Tuesday, October 5, 2010

Your Trip Into Space (1953)


One of the fun things about blogging about my books is analyzing them in new ways. Right now 1953 is my leading year for space books and ephemera. This one makes the 21st book in that category and truthfully I don't remember very much about it. I didn't bother to pull this out of my archives so all I have here are some badly made scans.

(1953) Poole, Lynn. Illustrated by Geary, Clifford. Your Trip into Space. New York: Whittlesey House. (224 p.) 21 cm.



The illustrator Clifford Geary did a number of children's books and has a nice loose style of drawing.

While not realistic in the least he does convey information and livens up the text.
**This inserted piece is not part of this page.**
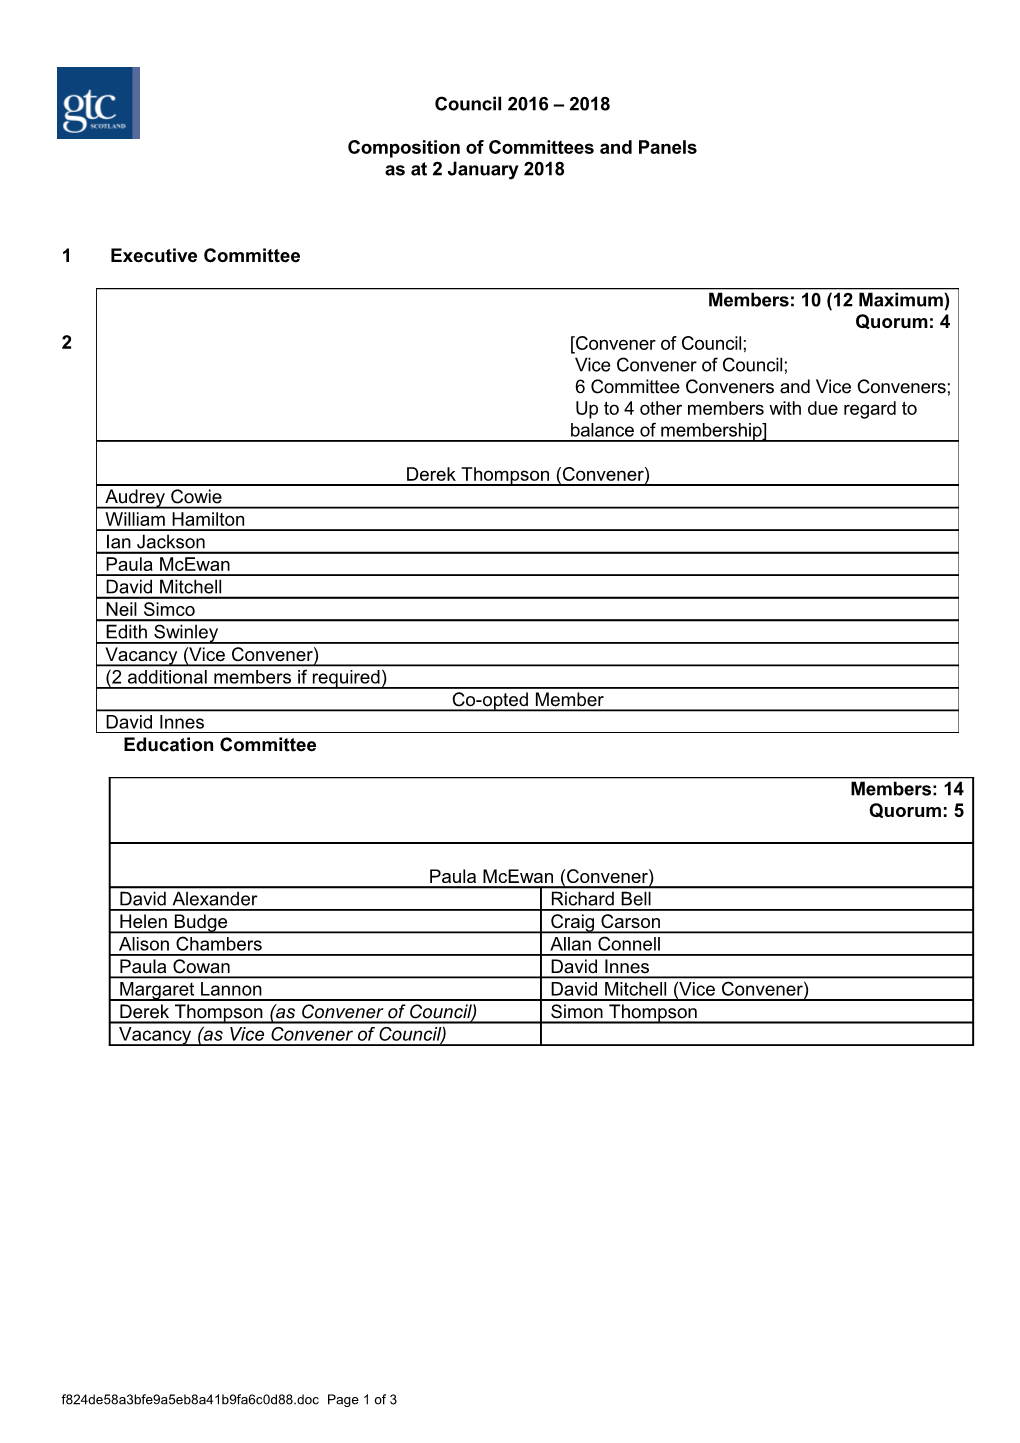 Composition of Committees and Panels

Space travel covers a lot of subjects so most of these early space books were trying to teach children physics, space medicine, engineering, and maybe some communications technology. Better yet it needed to be taught in a basic way so they could build on the concepts of what the future might bring.
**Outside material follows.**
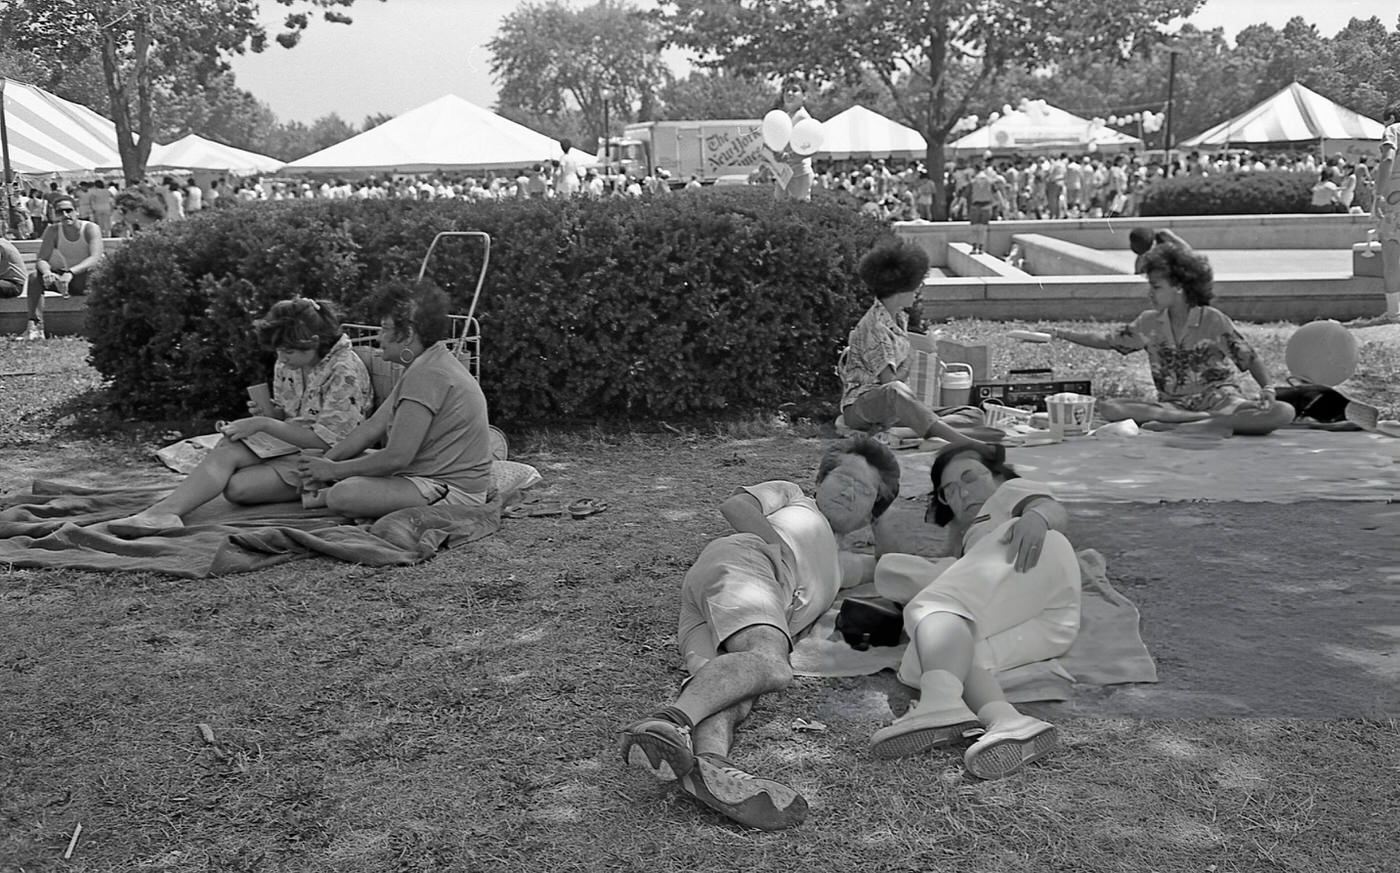 People Lie On The Grass In Flushing Meadows Park, Corona, Queens, 1986.

As I have noted before, I can't imagine many of the writers or illustrators imagined when they were creating these books that space flight and a moon landing were going to be in the immediate lifetime of their readers. So if you read this book at age 10 you were around 26 when they landed on the Moon. Which predictions do you think will come true in the next 16 years?

1 comment:

  1. This is a really good one! I reviewed this one on my site a while back.